Sottoli di spugnole

Ingredienti
| 600 g | spugnole fresche intere |
| 250 ml | aceto di vino bianco |
| 250 ml | olio extra vergine di oliva |
| 1 litro | acqua |
| 4 spicchi | aglio |
| 1 cucchiaino | peperoncino rosso secco sbriciolato |
| 3 foglie | alloro |
| 5 g | sale marino |
Valori nutrizionali
| 45 kcal | Energia |
| 3,2 g | Proteine |
| 1,8 g | Grassi |
| 0,3 g | di cui saturi |
| 4,5 g | Carboidrati |
| 1,2 g | di cui zuccheri |
| 2,1 g | Fibre |
| 1,5 g | Sale |
Gusto
Il sapore è terroso e intenso, la consistenza rimane soda al morso. L'aceto dona acidità che contrasta con la dolcezza naturale del fungo, l'olio lo riveste di morbidezza. Si servono fredde o tiepide come contorno, antipasto, oppure accompagnano piatti di pasta o polenta. L'abbinamento tradizionale è con pane tostato e un formaggio semi-stagionato leggero.
Benessere
- Le spugnole contengono pochi grassi, proteine modeste ma buone se considerate funghi, e fibre digestive dal cappello poroso.
- Apportano potassio, selenio e piccole quantità di ferro, minerali utili per la stanchezza primaverile.
- Sono piuttosto leggere nonostante l'olio di conserva, purché servi in quantità contenuta: una porzione da 100 g non appesantisce.
- I funghi freschi contengono ergotioneina, una molecola rara con attività antiossidante, anche se la concentrazione scende leggermente durante la cottura.
- Abbina i sottoli di spugnole a una base di verdure crude e cereali integrali per un pasto equilibrato e saziante.
- Falso mito da sfatare: «I funghi sott'olio sono sempre grassi e da evitare per la dieta». Non è vero. L'olio di conserva non viene tutto consumato, rimane per lo più nel barattolo. Chi mangia il fungo assume il doppio dell'olio di quello che sembra. Se scolato bene sulla forchetta, il piatto diventa quasi leggero. Chi ha colesterolo alto deve solo non abusarne, ma una porzione moderata non crea problemi.
L'errore da non fare
Non saltare il passaggio di sbollentamento. Molti pensano che il fungo crudo marinato sia più croccante e naturale, ma le spugnole selvatiche nascondono spore e terra fra le cellule porose: la bollitura breve è essenziale per pulire davvero il prodotto e renderlo sicuro. Se salti questo passo, rischi un gusto terroso gradevole solo in superficie e una conservazione meno stabile.
I nostri consigli
- Conserva sempre il barattolo in frigorifero, non a temperatura ambiente. Una volta aperto, consumalo entro una settimana. Se noti odori fermentati o muffa sulla superficie, butta via tutto.

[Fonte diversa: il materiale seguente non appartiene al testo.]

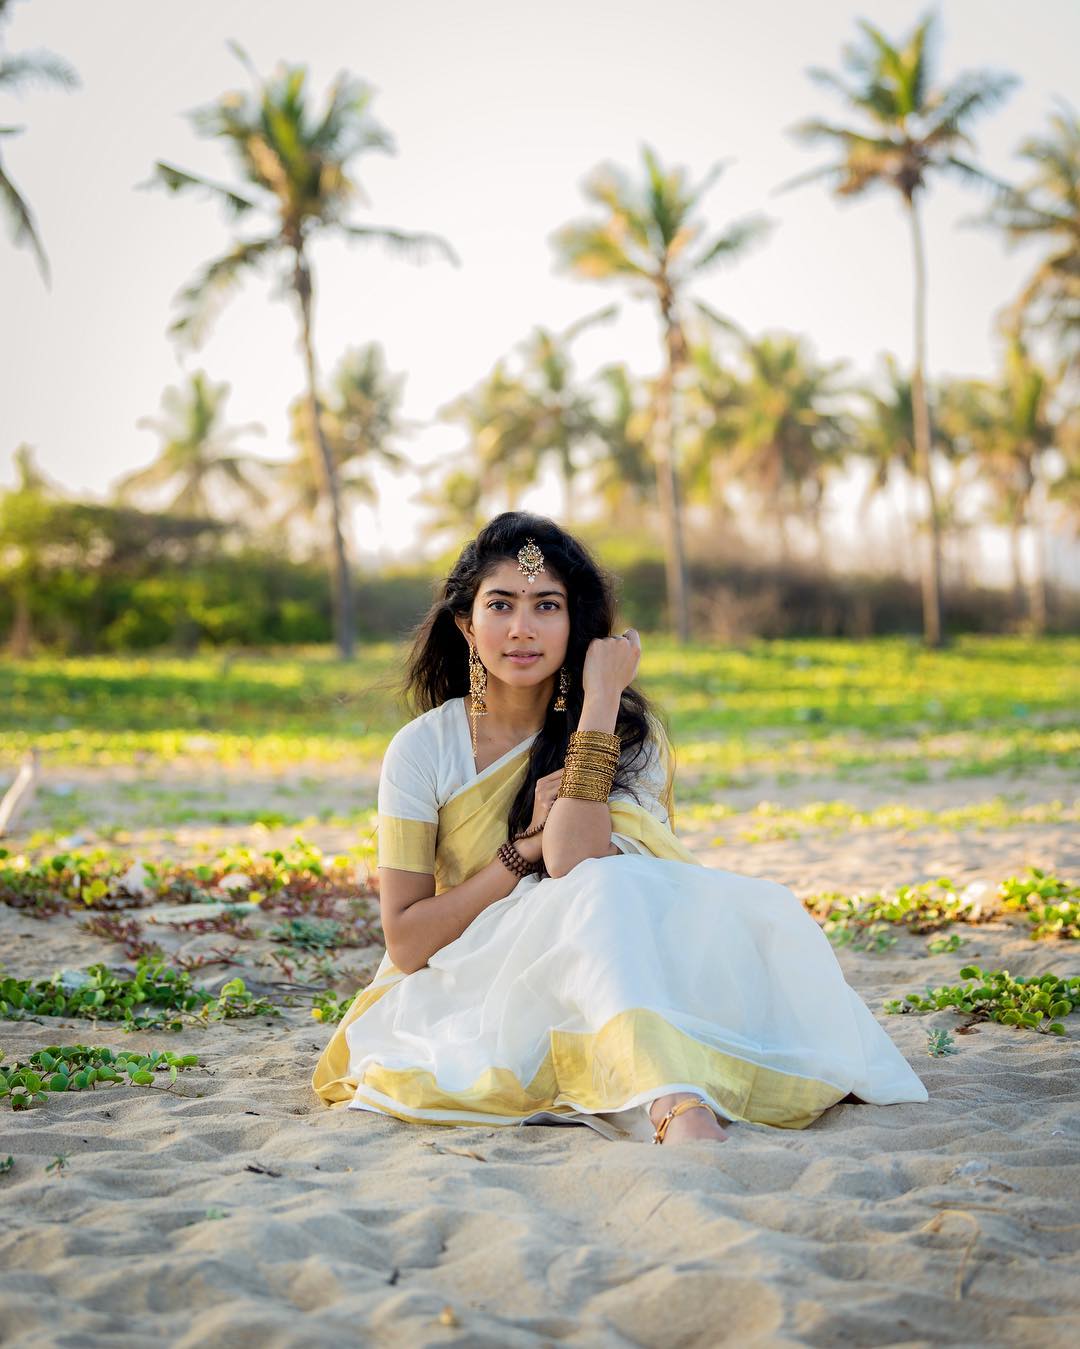  நடிகை சாய் பல்லவி ( Photo: Instagram.com/ saipallavi.senthamarai)

- Se le spugnole sono molto grandi e irregolari, tagliale in pezzi da 3-4 cm per una cottura e una marinata più omogenea.

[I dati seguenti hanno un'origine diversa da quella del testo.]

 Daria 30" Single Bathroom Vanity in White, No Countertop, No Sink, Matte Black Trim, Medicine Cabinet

- Usa l'olio rimasto nel barattolo per condire insalate tiepide o per bagnare fette di pane tostato: contiene tutti gli aromi dei funghi.

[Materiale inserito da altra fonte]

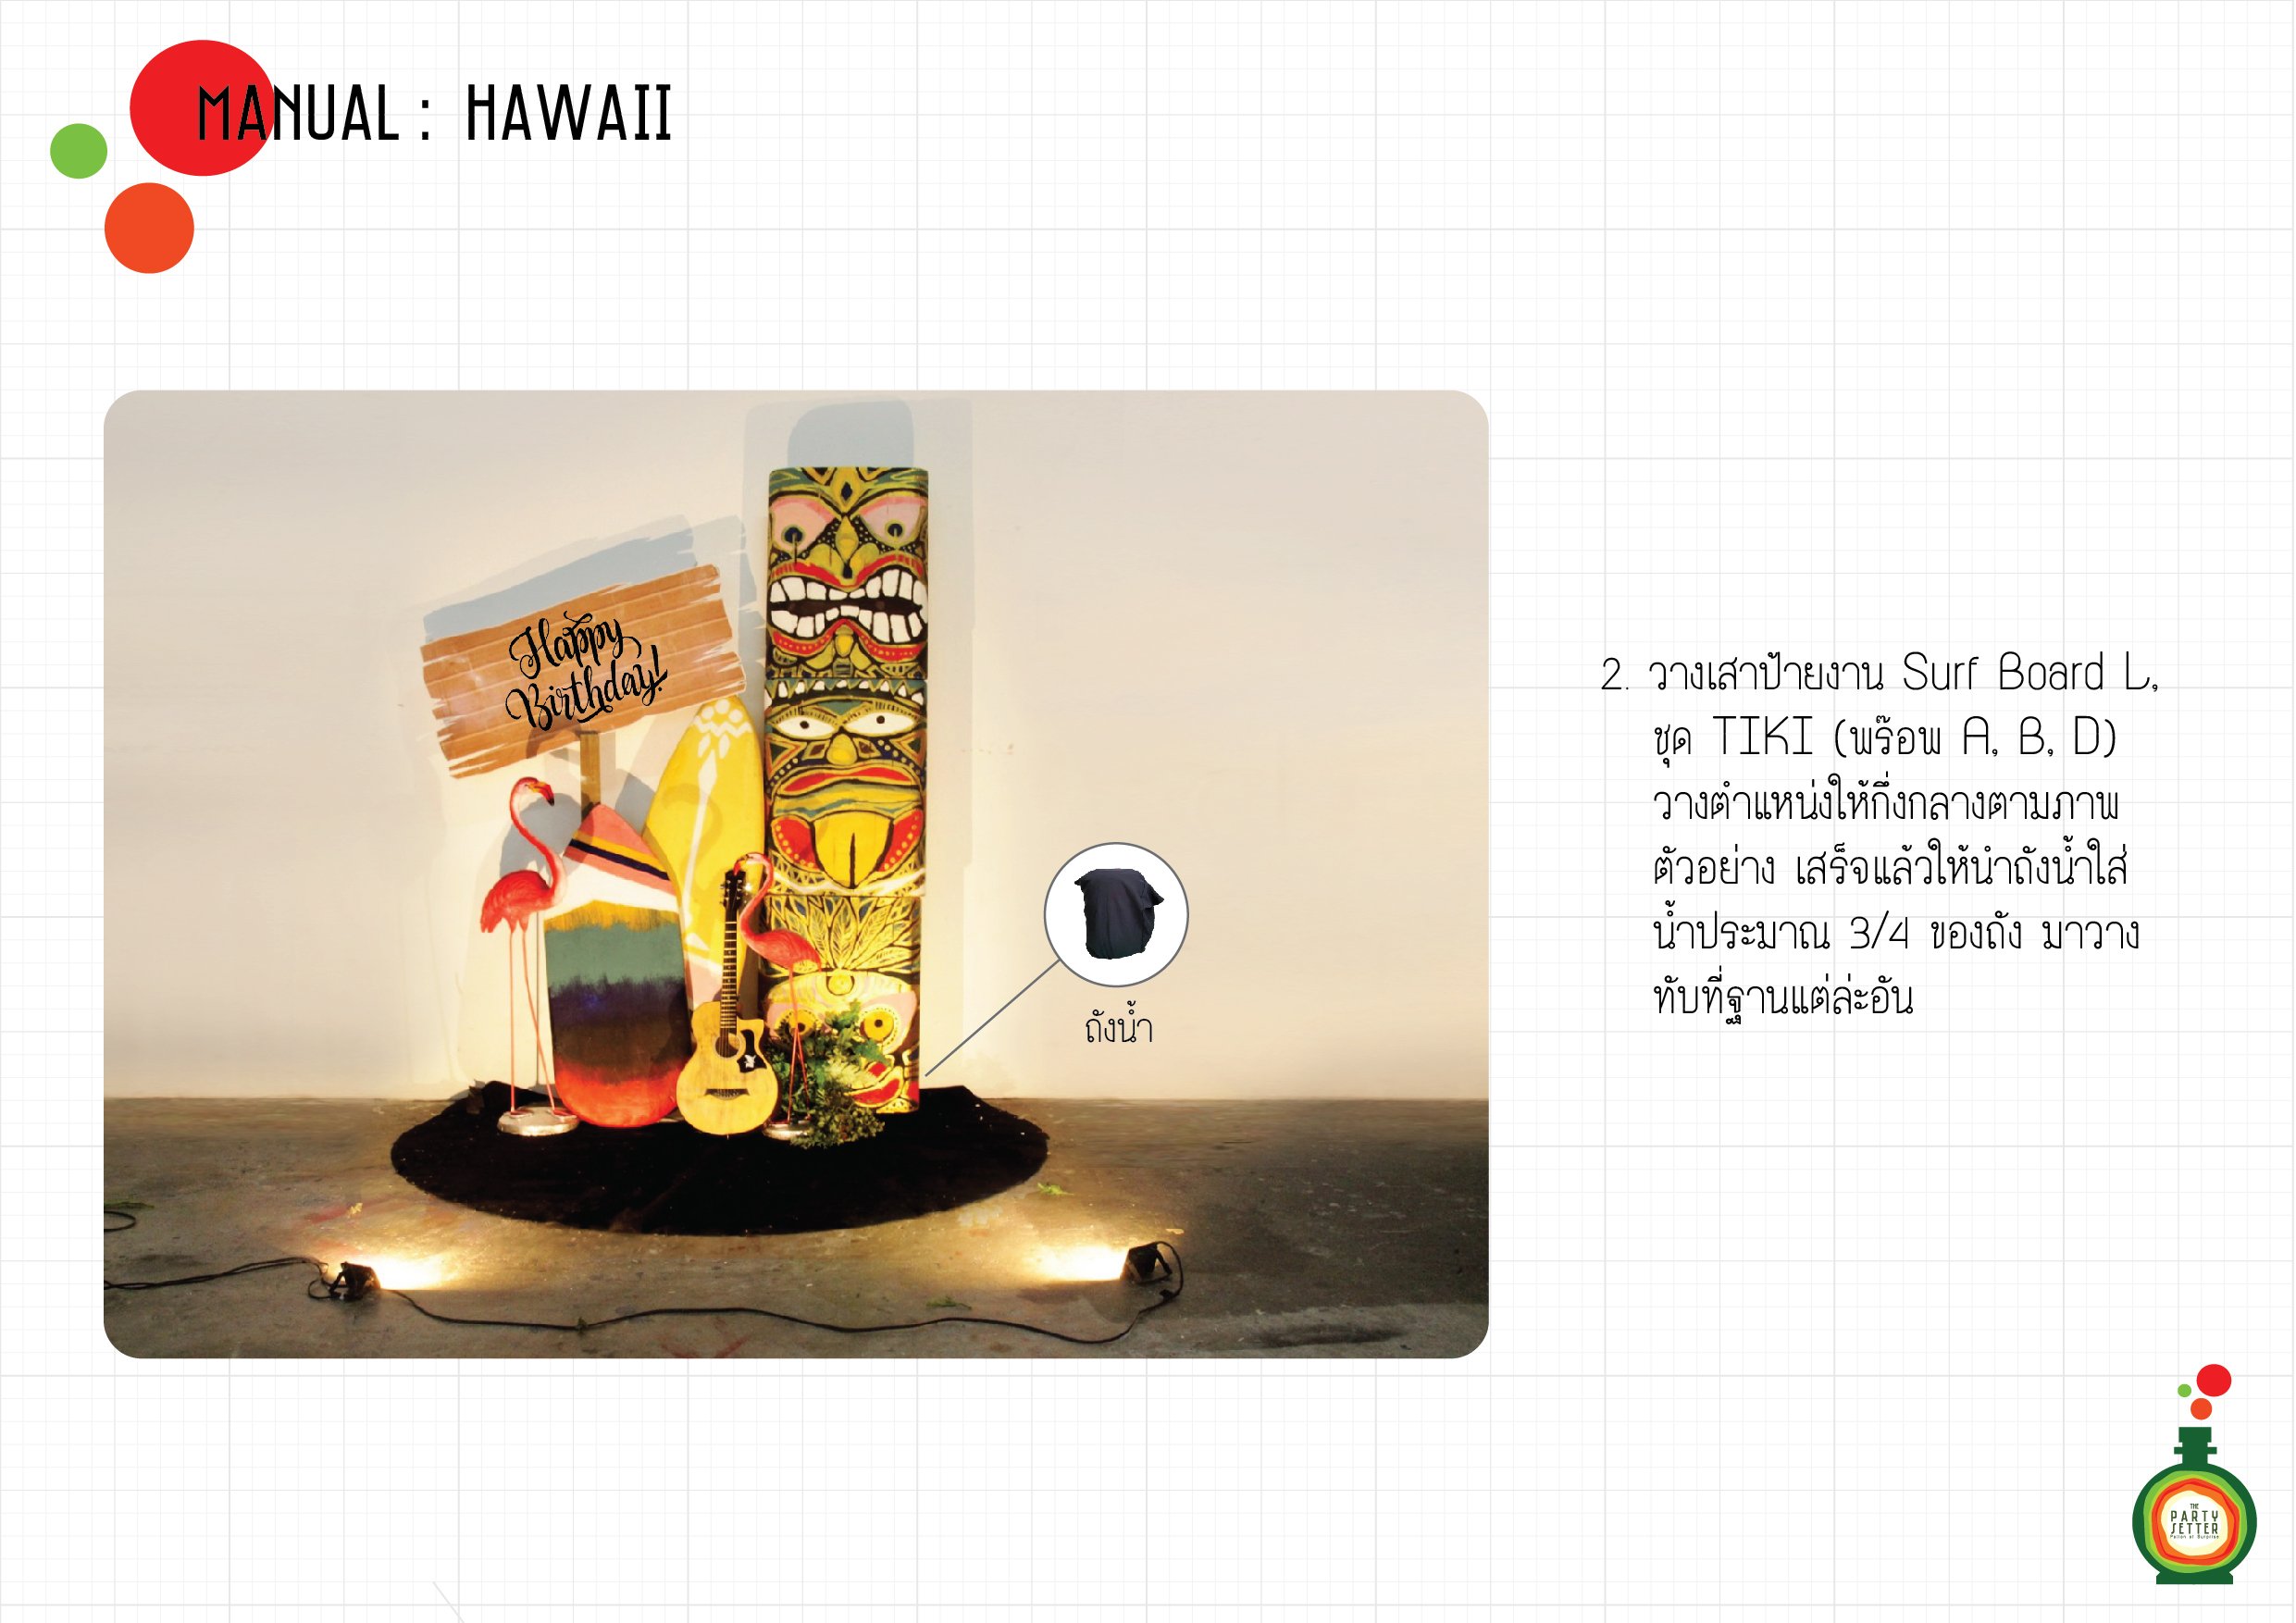 Manual_Hawaii-4-02-01.jpg

- Variante: aggiungi alla marinata anche bacche di ginepro, semi di senape o una striscia di scorza di limone per un sapore più complesso.
Quando prepararla
I sottoli di spugnole si preparano in primavera quando i funghi spuntano al primo caldo, tra marzo e maggio, oppure in autunno tra settembre e ottobre. Perfetti al cambio di stagione quando il corpo cerca cibi che aiutino la transizione tra temperature diverse. Si conservano bene per settimane, ideali per avere sempre un contorno pronto in frigorifero senza doverle raccogliere al momento.
Domande frequenti
- Dove trovo le spugnole fresche? Nei mesi di raccolta le vende il fruttivendolo che ha contatti con cercatori locali, oppure il mercato ortofrutticolo. A volte si trovano nei negozi di alimenti biologici. Se non disponibili fresche, puoi usare spugnole secche reidratate: ammollale in acqua tiepida per 20 minuti, scola bene e procedi come per le fresche, riducendo il tempo di bollitura a 5 minuti.
- Posso congelare i sottoli di spugnole? Sì, in contenitore ermetico durano fino a 3 mesi in freezer. Una volta scongelati, consumali entro 2 giorni.
- L'aceto può essere diverso? Va bene aceto di mele o di vino rosso, ma il bianco rimane il più delicato. Evita l'aceto balsamico che copre il sapore del fungo.
- Come li servo a tavola? Versali in una ciotola con cucchiaio e forchetta, meglio freddi o a temperatura ambiente. Accompagna con pane e un buon formaggio, oppure come contorno di piatti di cacciagione.